Returns the Bayesian and Akaike information criteria of a regime-(ii) fit,
together with the integrated completed likelihood (ICL). All three are
computed against the empirical log-likelihood of the samples used to fit
the model and are reported on the same scale (smaller is better). They are
NA for regimes that do not have an empirical likelihood ("moment",
"kld").
Arguments
- fit
A gmm_fit.
Details
The ICL of Biernacki, Celeux and Govaert (2000) adds to the BIC twice the
entropy of the fitted classification,
\(\mathrm{ICL} = \mathrm{BIC} + 2 E_N\), where
\(E_N = -\sum_{i,k} \gamma_{ik} \log \gamma_{ik} \ge 0\) is the entropy of
the responsibilities \(\gamma_{ik}\).

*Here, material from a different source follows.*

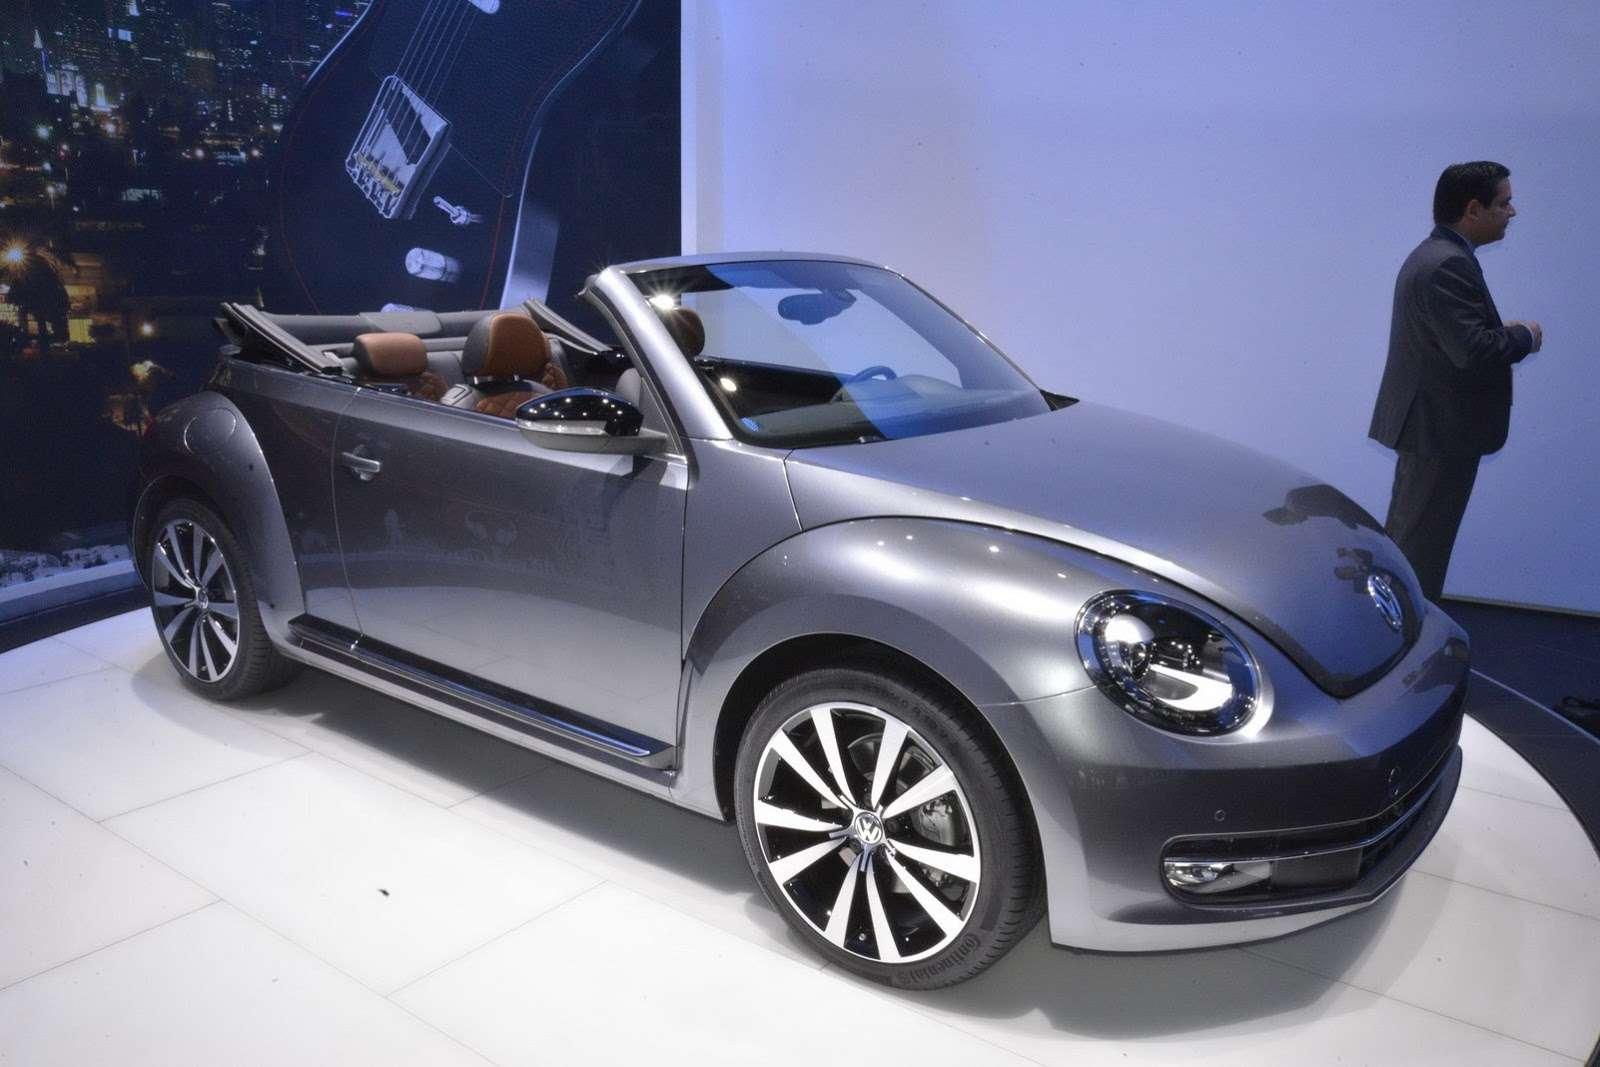 2013 VW Beetle Cabrio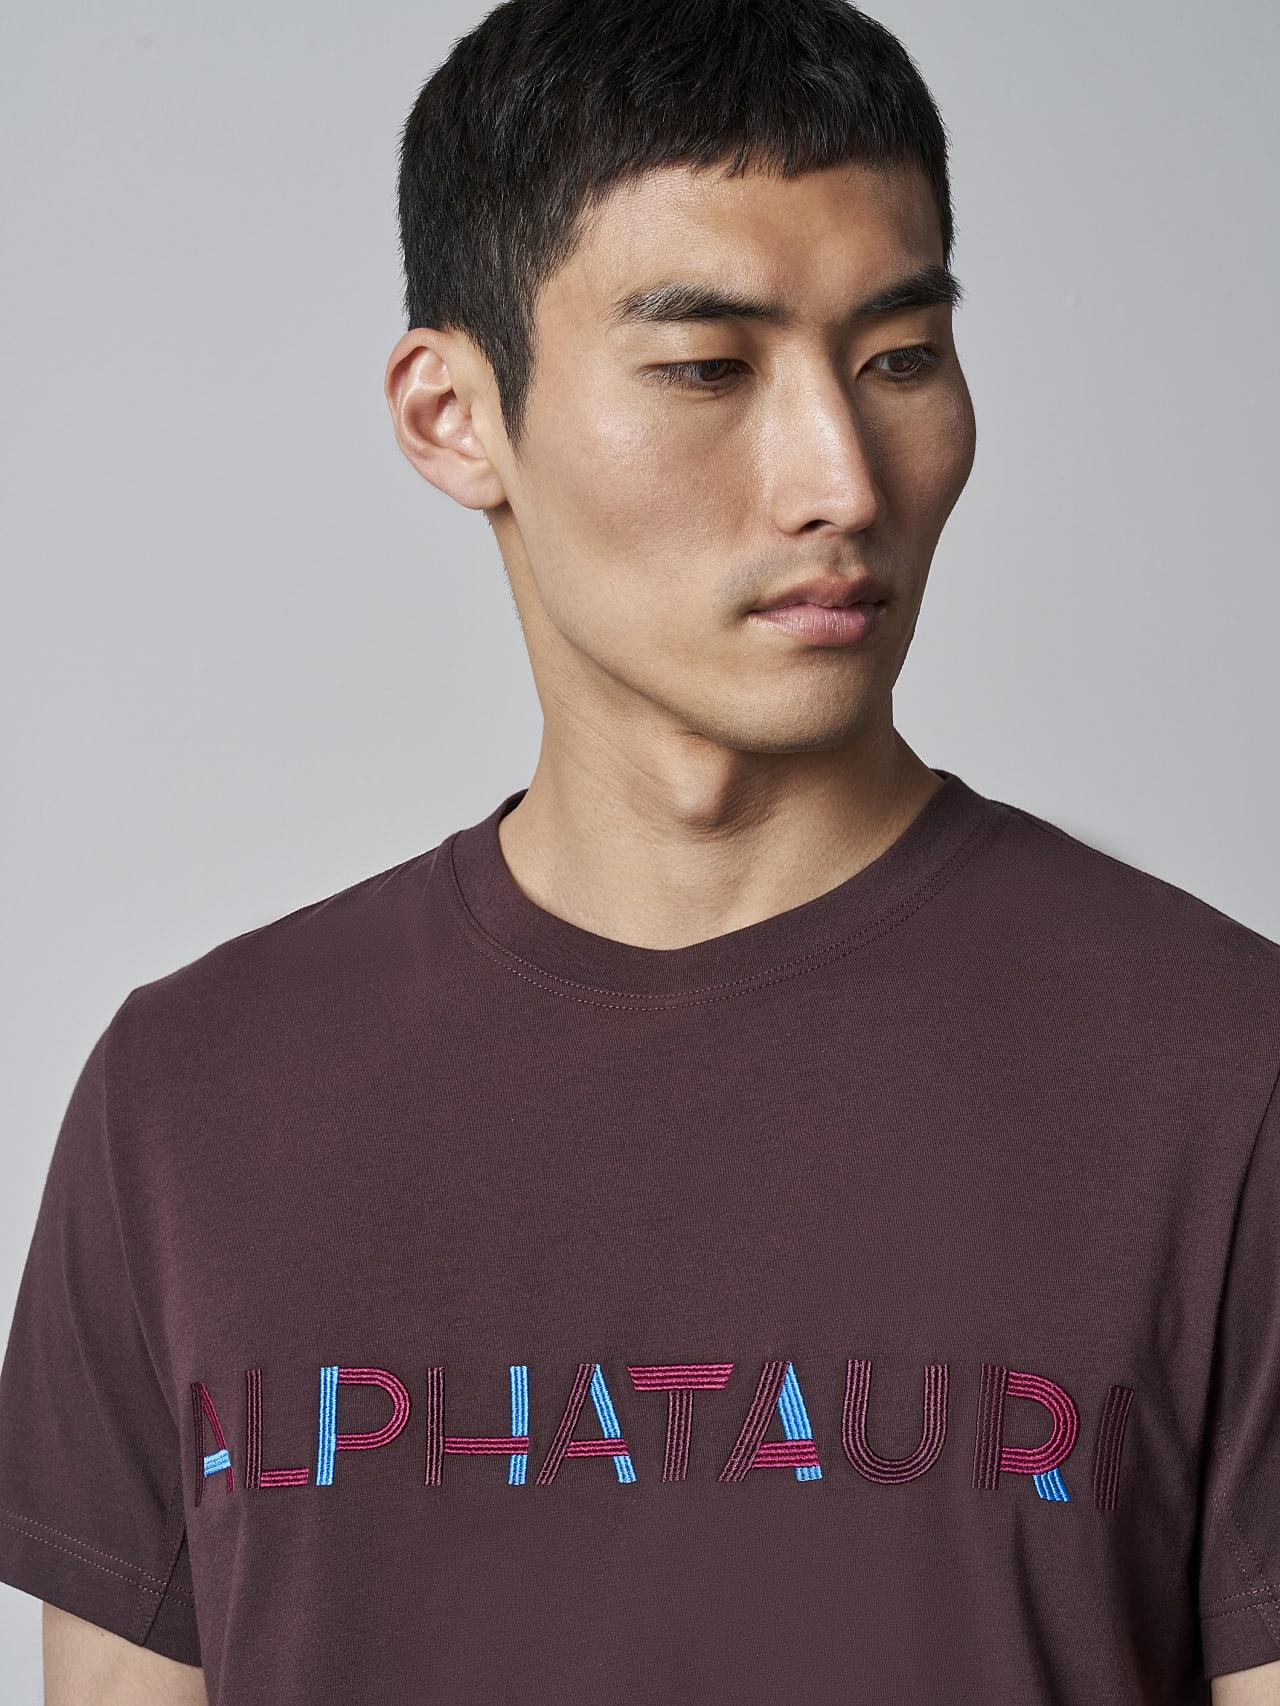 JANOS V3.Y5.02 Logo Embroidery T-Shirt Burgundy Model shot Alpha Tauri

It therefore penalises mixtures whose
components overlap (uncertain assignments), and favours well-separated
clustering solutions over the merely best-fitting ones. Because
\(E_N \ge 0\), the ICL is never smaller than the BIC, and the two coincide
for a single component (\(K = 1\)), where every responsibility is one. The
classification entropy itself is returned as classification_entropy.
References
Biernacki, C., Celeux, G. and Govaert, G. (2000) Assessing a mixture model for clustering with the integrated completed likelihood. IEEE Transactions on Pattern Analysis and Machine Intelligence 22(7), 719–725. doi:10.1109/34.865189
Examples
x <- matrix(stats::rnorm(200), ncol = 2)
tgt <- gmm_target_from_samples(x)
fit <- fit_proxymix(tgt, N = 2L, regime = "sample", max_iter = 25L)
bic_aic(fit)
#> $bic
#> [1] 637.4143
#>
#> $aic
#> [1] 608.7574
#>
#> $icl
#> [1] 718.8163
#>
#> $classification_entropy
#> [1] 40.70102
#>
#> $n_params
#> [1] 11
#>